Разум Коджи, уже ослабевший от шока, был поражен словами Ямуна. — Это не его вина, что я пострадал. Я не допущу, чтобы ему причинили вред, — наконец убежденно сказал священник. Обессиленный, он откинулся на тюфяк.
Ямун посасывал щеку, слушая священника. — Ты просишь его жизни? — спросил дородный военачальник.
— Его жизнь? Да, я прошу, — ответил Коджа, лежа на спине.
Ямун посмотрел на пленника. Человек наблюдал за ними, его глаза были полны страха и ожидания. — Очень хорошо, священник. Согласно обычаю, я отдаю его тебе; он твой раб. Его зовут Ходж. Если он совершит какое-либо преступление, вы оба будете наказаны. Это тоже наш обычай.
— Я понимаю это, — заверил Коджа Ямуна, закрывая глаза.

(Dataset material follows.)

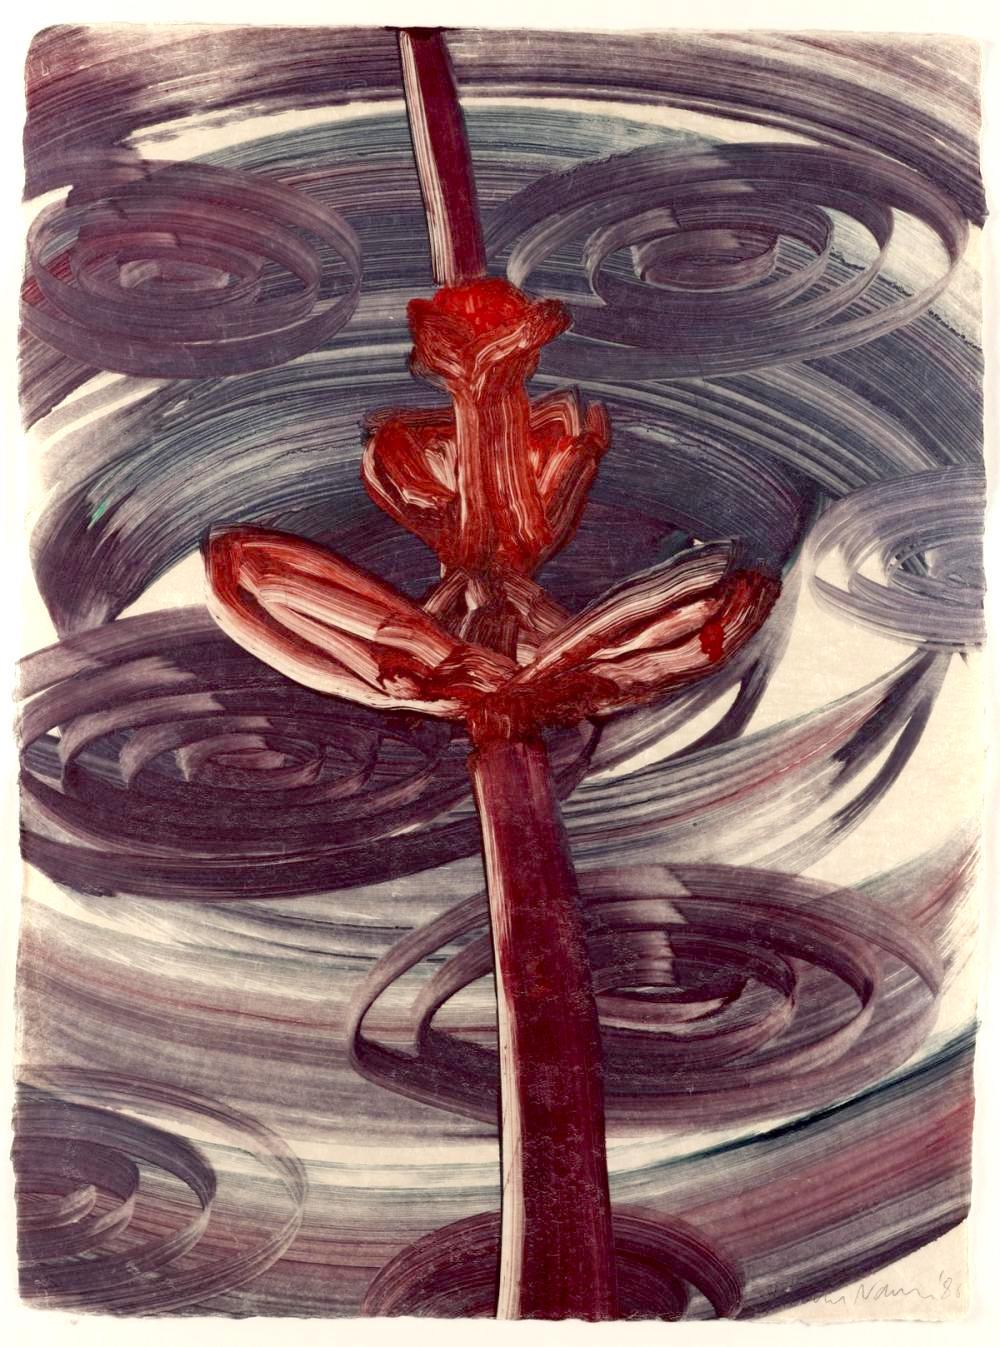 Untitled flower monotype - Art by James Nares

— Хорошо. Теперь, что касается Баялун, она предположит, что ты верен мне. Она ненавидит меня, — сказал он, как ни в чем не бывало, — и поэтому она возненавидит тебя. Всегда помни, что я — это все, что стоит между ее гневом и тобой. Ямун дал знак стражникам освободить Ходжа, а затем ушел за своей лошадью.
Коджа наблюдал, как кахан отъезжает, когда подошли носильщики и взвалили его вместе с тюфяком себе на плечи. Всю обратную дорогу в Кварабанд священник, молча, читал свои молитвы, призывая Фуро защитить его, пока он, снова не увидит свой дом.
3. Молния
В течение четырех дней Коджа жил в специальной белой юрте, возведенной на окраине Кварабанда, сразу за границей мертвых от магии земель. Здесь он оставался на своем тюфяке, отдыхая и набираясь сил. Раз в день приходили шаманы, разворачивали свою белую ткань и раскладывали свои подношения богу Тейласу. Ударяя в свои барабаны и выкрикивая песнопения, они произносили заклинания, чтобы исцелить и укрепить его. Каждый день, после того как они уходили, Коджа погружался в глубокую концентрацию, молясь Фуро о силе и прощении. Хотя священник никому не говорил, он был подавлен, опасаясь, что Фуро и Просветленный будут избегать его за то, что он принял исцеление другого божества.
К четвертому дню лечения шаманы восхищались быстрым выздоровлением Коджи и гордились эффективностью своих заклинаний. По их мнению, Тейлас явно благоволил им, совершив исцеление этого иностранного священника. Шаманы рассказали кахану об этом чудесном прогрессе, объяснив, что священник должен быть каким-то особенным.
Четыре дня также дали Кодже время изучить качества своего нового слуги. Хотя Ходж был рабом, Коджа отказался обращаться с ним как с рабом, а вместо этого предоставил ему вольности и уверенность доверенного слуги. Ходж отреагировал на это, и, казалось, стал заботиться о своем новом хозяине. В первое утро Ходж заварил чай по обычаю Туйгана — густой, с молоком и солью. Коджа чуть не поперхнулся, и сразу же последовал урок заваривания чая. После этого Ходж заварил чай по Хазарски — густой, с маслом, — хотя и скорчил ужасную гримасу, подавая его своему хозяину.